● Try it
There are pictures in the records below; leave them out and set down exactly the lines from the one holding "Repetition is based" through the one holding "Indian envoy opens".

● Records shown

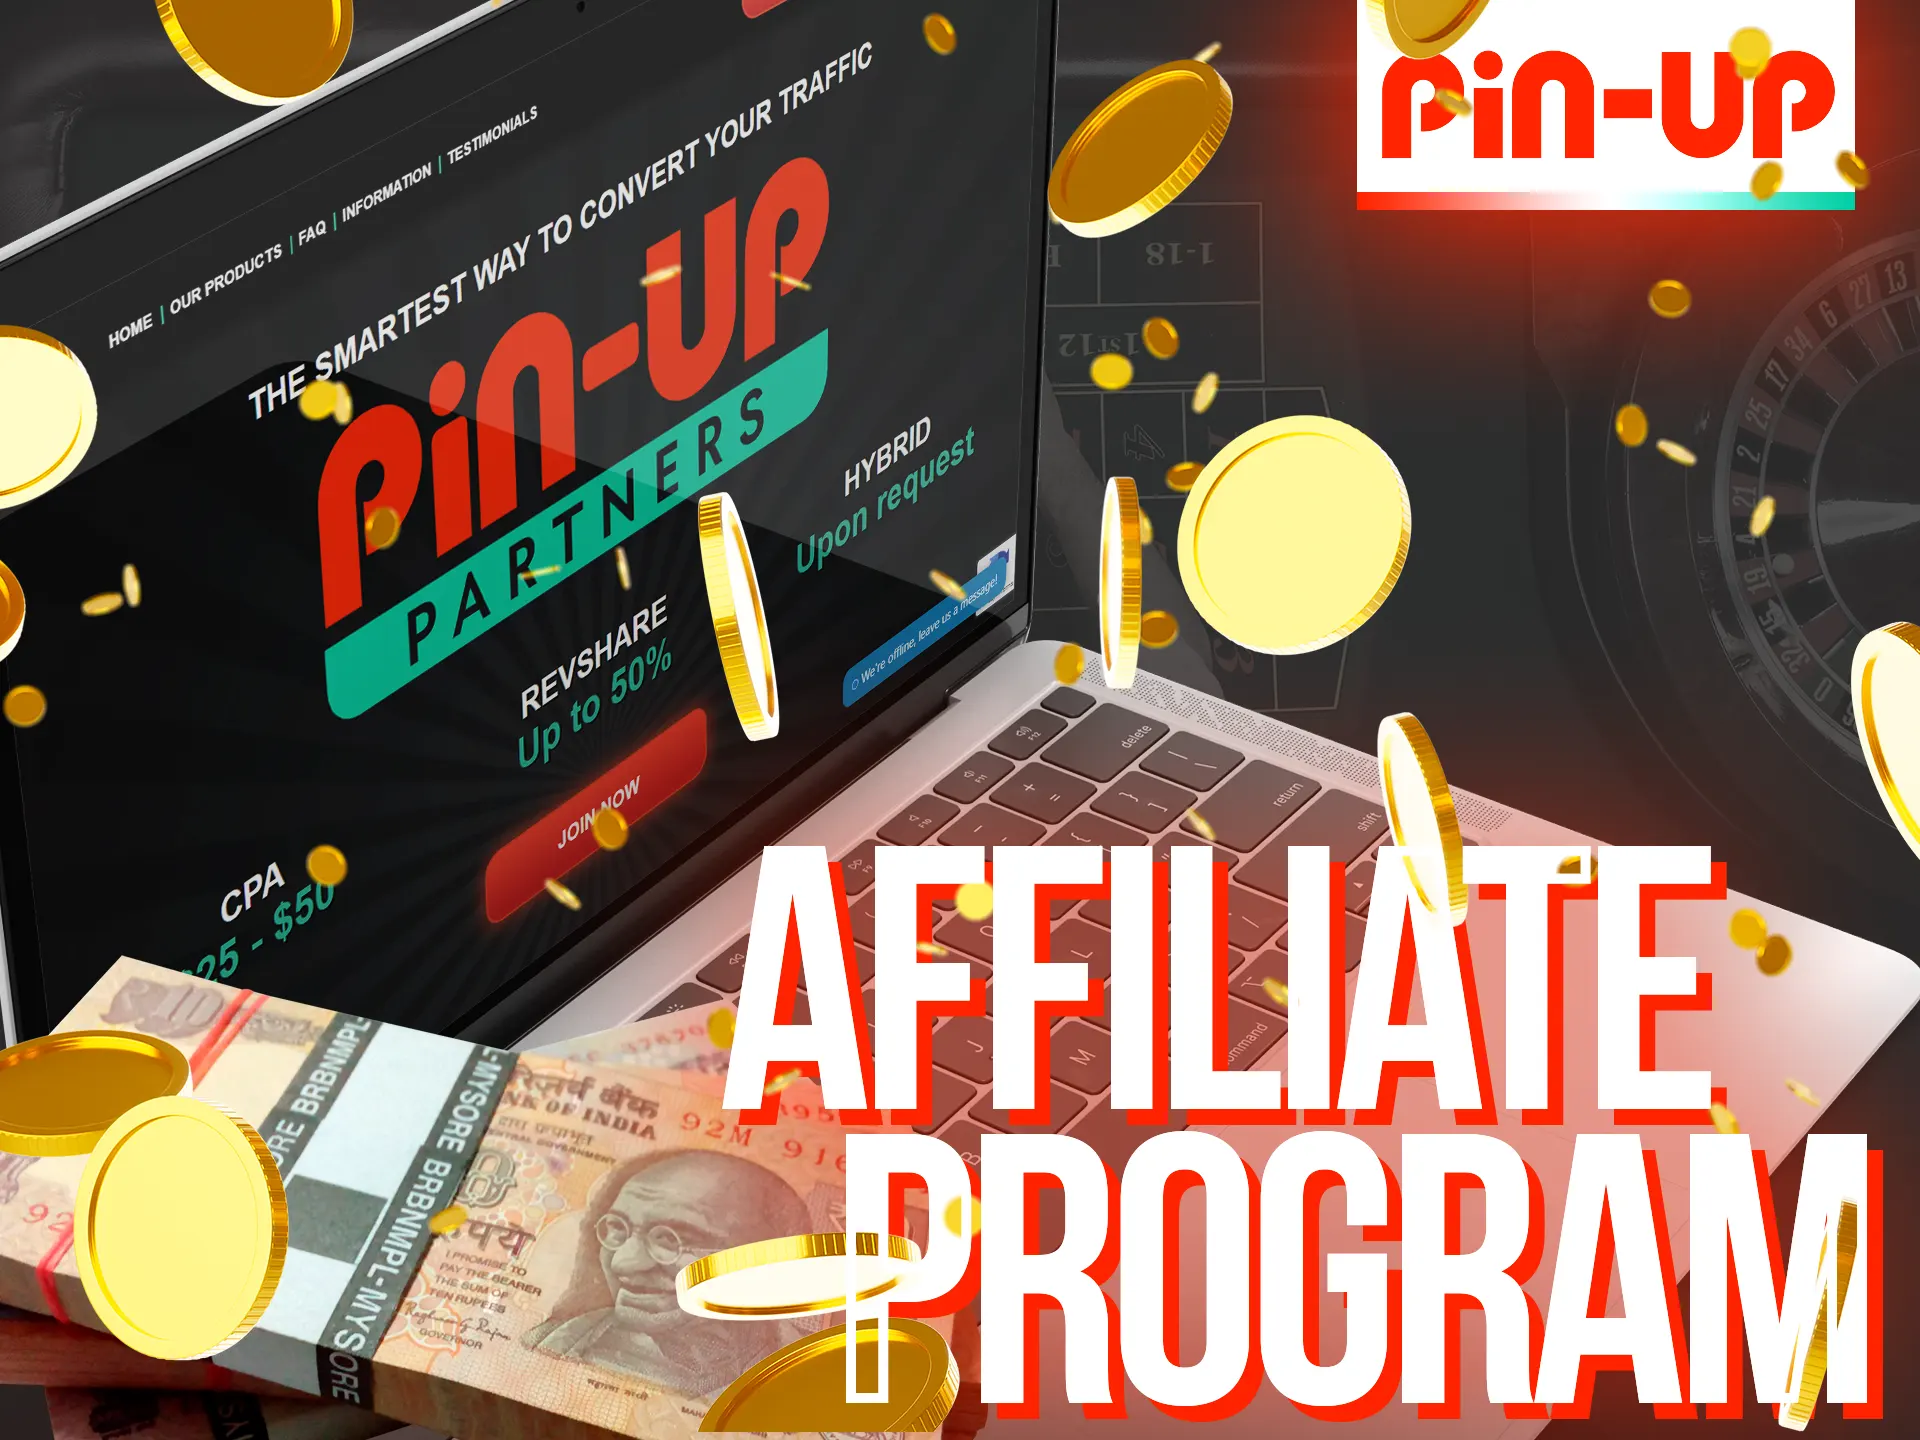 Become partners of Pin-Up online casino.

---

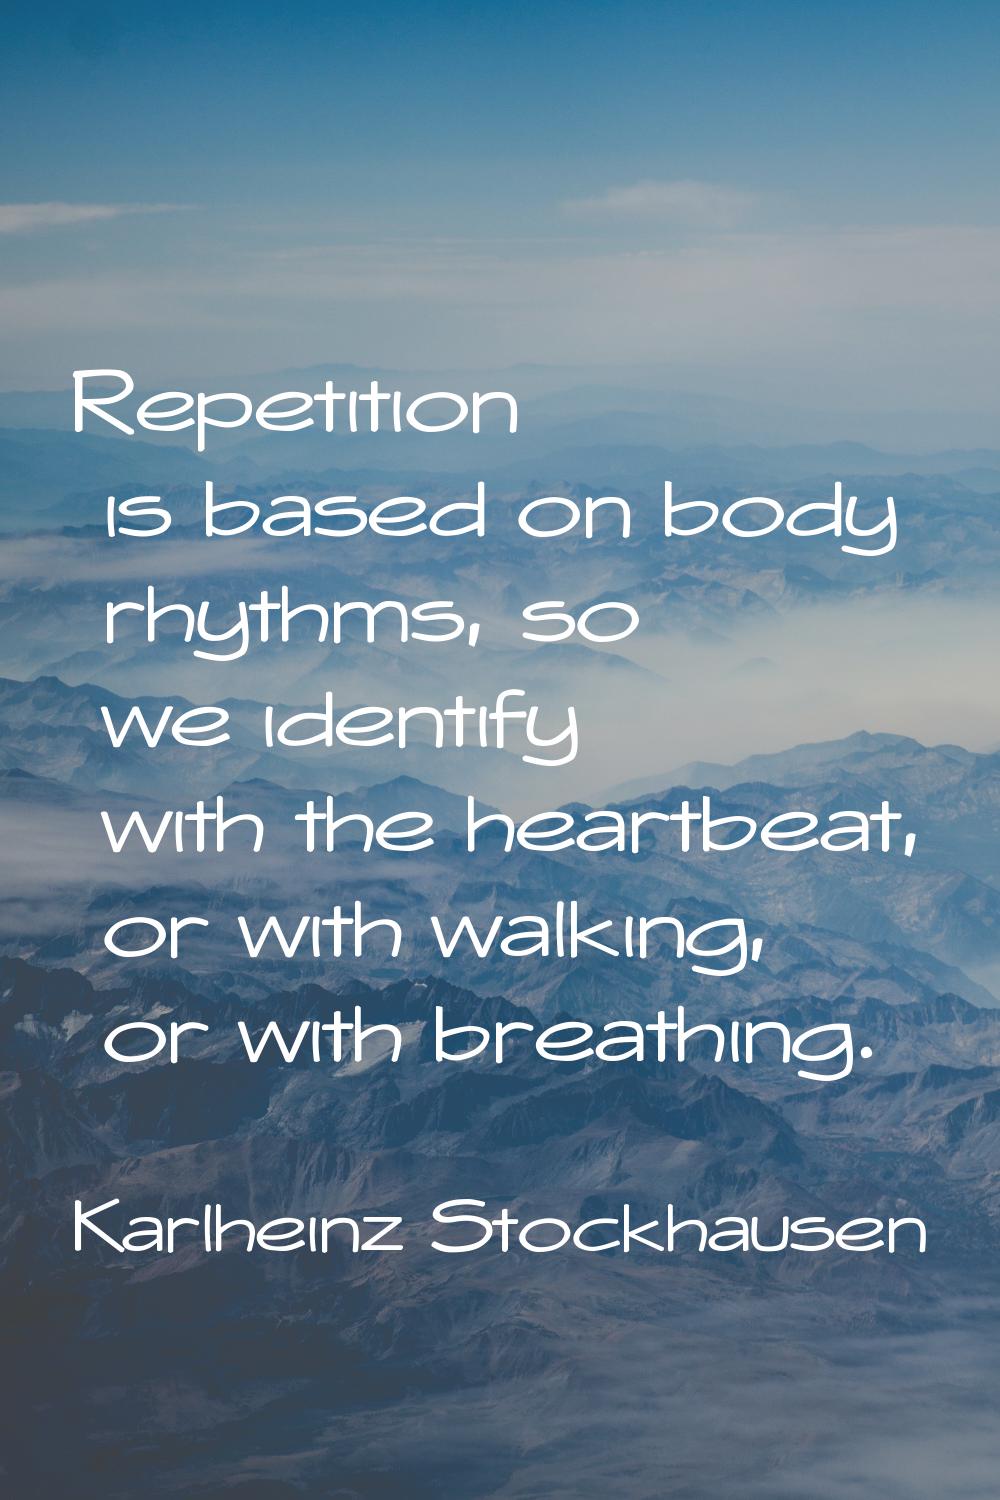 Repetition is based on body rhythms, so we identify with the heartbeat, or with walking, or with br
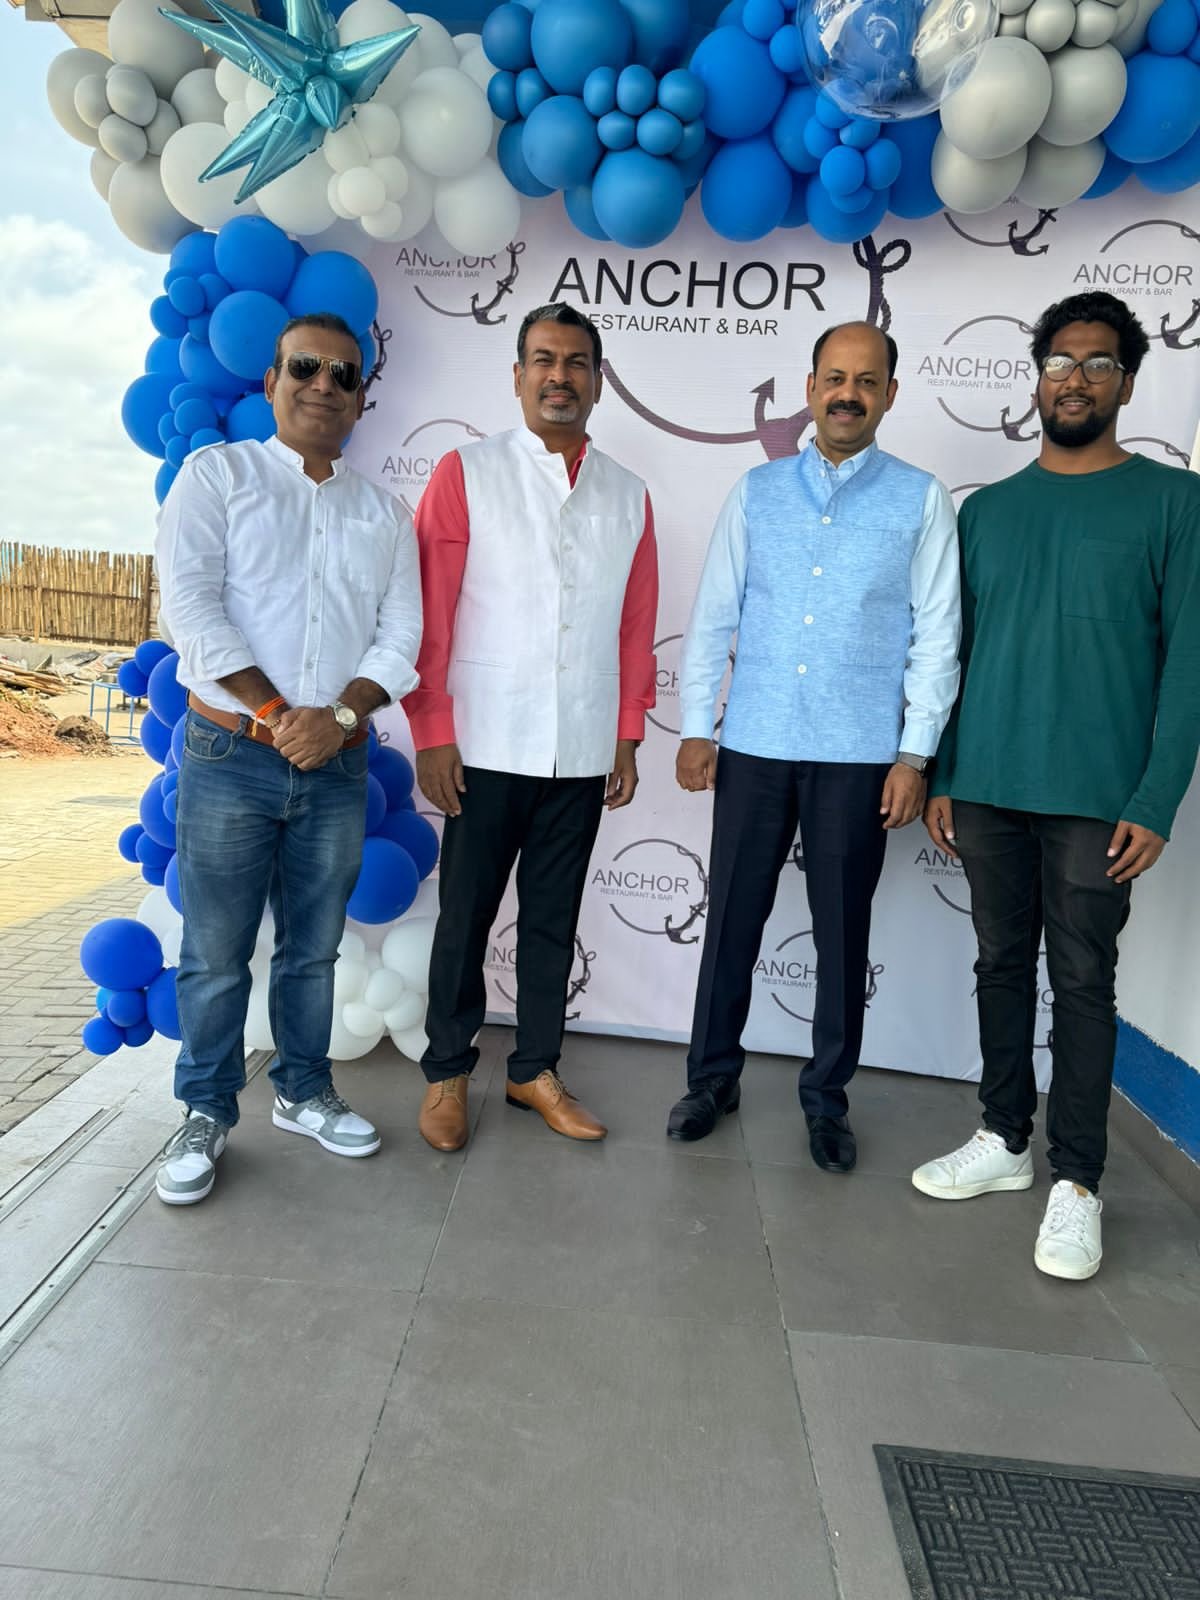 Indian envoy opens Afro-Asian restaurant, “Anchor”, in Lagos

● Answer to this exercise
 Repetition is based on body rhythms, so we identify with the heartbeat, or with walking, or with br
 Indian envoy opens Afro-Asian restaurant, “Anchor”, in Lagos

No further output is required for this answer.